Subió al automóvil. La pistolera crujió cuando se acomodó en el asiento. Se volvió para comprobar si el aguacate no estaba en un sitio desde el cual podía saltar y magullarse.

—He hablado sin pensar, coronel —dijo Plarr—; eso es todo. Mentir a la policía es casi un reflejo automático. Yo no me imaginaba que usted supiera tanto sobre mí.

—Ésta es una ciudad pequeña —dijo el coronel Pérez—. Cuando uno se acuesta con una mujer casada, hay que dar por sentado que todo el mundo lo sabe.

Plarr contemplo alejarse el de coche policía y volvió de mala gana a la casa. «El secreto —pensó— es parte de la atracción de una aventura amorosa. Una aventura públicamente conocida siempre tiene algo de absurdo».

Clara seguía sentada exactamente donde la habían dejado. «Es la primera vez que podemos estar juntos sin prisas: no tiene que volver para que la recojan en el Consulado, no hay temor de que Charley vuelva de improviso de la plantación».

—¿Habrá muerto? —preguntó ella.

—No creo.

—No sé si sería mejor para todos que estuviera muerto.

—No para Charley.

—Sí, también para Charley. Tenía tanto miedo de la vejez…

—De todos modos, no creo que tuviera ganas de morirse ahora mismo.

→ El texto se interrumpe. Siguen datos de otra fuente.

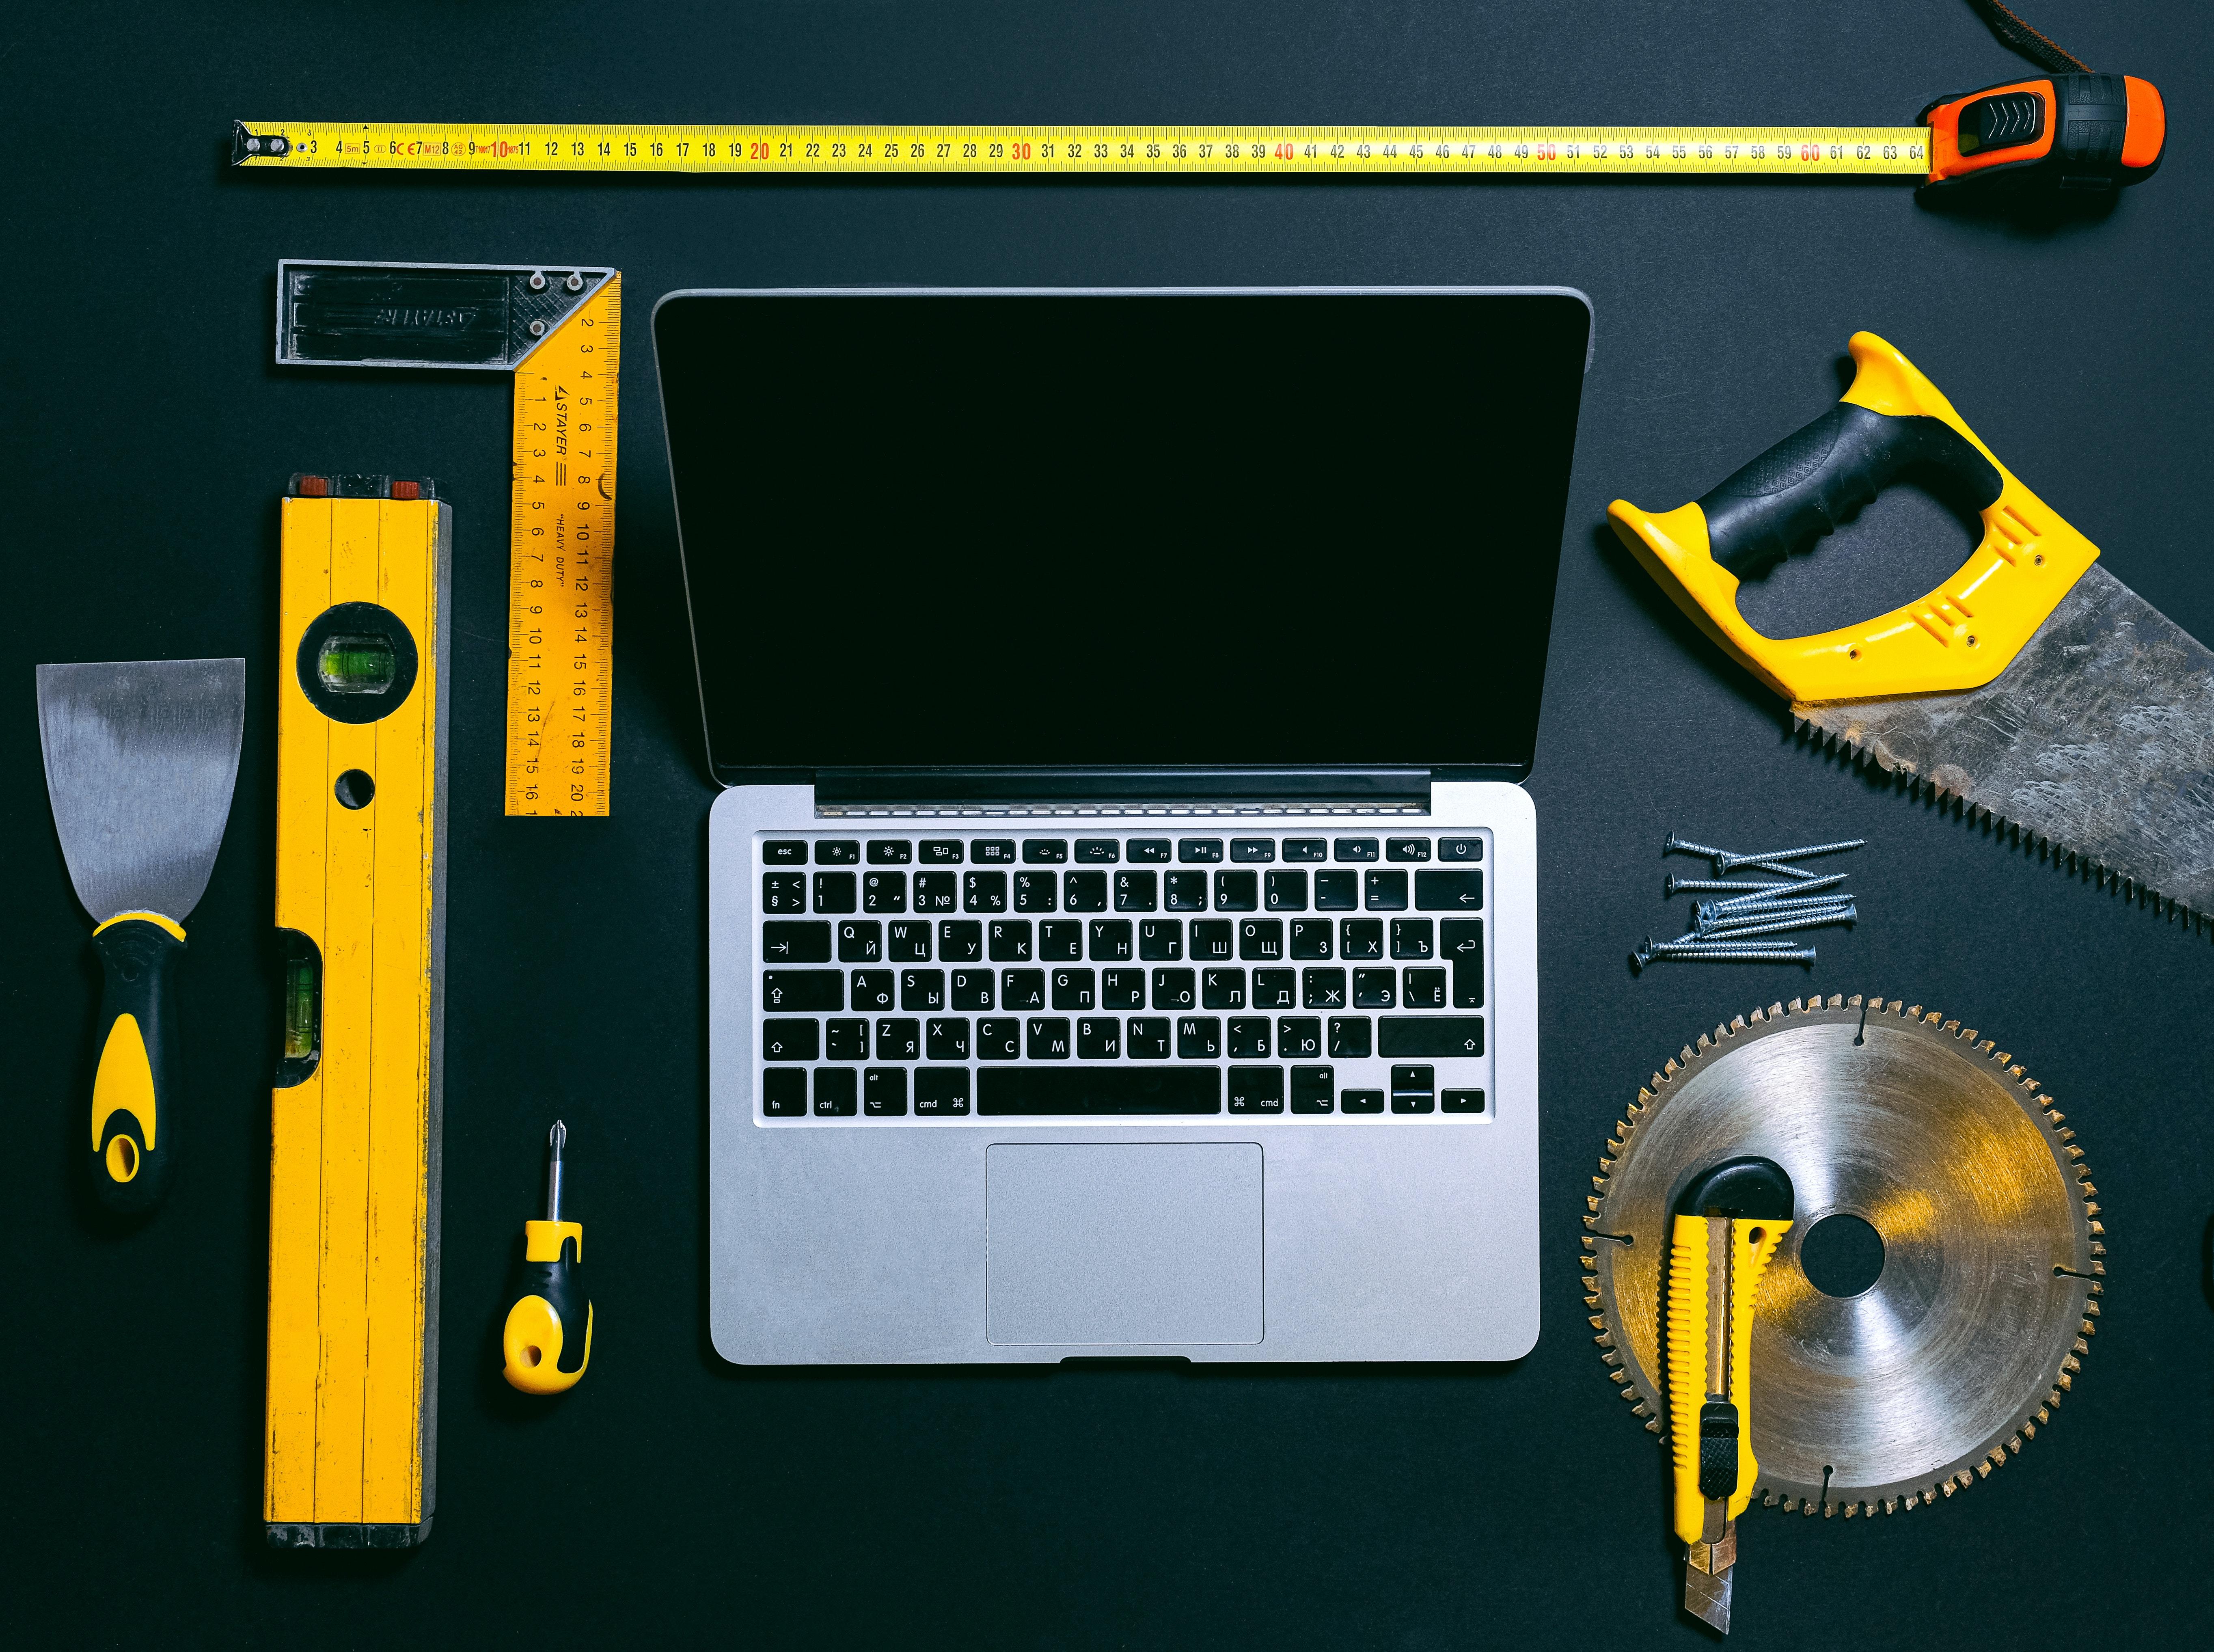 5 Ways to Encourage Tech Adoption for Your Team

—El niño pataleaba fuerte esta mañana.

—¿Sí?

—¿Quieres que vayamos al dormitorio?

—Claro.

Plarr esperó a que ella se levantara y lo precediera. Nunca se besaban en la boca (eso formaba parte del adiestramiento del prostíbulo), y la siguió sintiendo que su interés resucitaba lentamente: «En una relación amorosa, una mujer interesa en la medida en que es alguien diferente de uno mismo —pensó—. Pero la mujer va adaptándose poco a poco al hombre, adquiere sus hábitos, sus ideas, hasta determinadas maneras de hablar… Se convierte en parte de uno mismo. Y entonces ¿qué interés queda? Uno no puede desearse a sí mismo, no puede vivir en contacto permanente consigo mismo. Todos necesitamos una presencia extraña en la cama. Una prostituta siempre es una extraña. Los hombres han garabateado tanto en su cuerpo que nadie puede distinguir en él su propia firma».

Después, cuando permanecieron inmóviles, la cabeza de Clara apoyada sobre el hombro de él, en la actitud de un amor apacible, ella inició una frase y Plarr supuso que sería una pregunta oída con demasiada frecuencia:

—Eduardo, ¿es cierto? ¿Tú crees que…?

—No —dijo él con firmeza.

Pensó que Clara exigía la misma respuesta a una pregunta trivial que su madre le había arrancado incesantemente cuando se separaron de su padre, la respuesta que tarde o temprano le había exigido cada una de sus amantes: «¿Es cierto que me quieres, Eduardo?». Una ventaja del prostíbulo es que en él la palabra amor se emplea muy raramente.

—No —repitió.

—Pero ¿cómo puedes estar tan seguro? —preguntó ella—. No sé por qué crees que está vivo, si hasta la policía piensa que ha muerto.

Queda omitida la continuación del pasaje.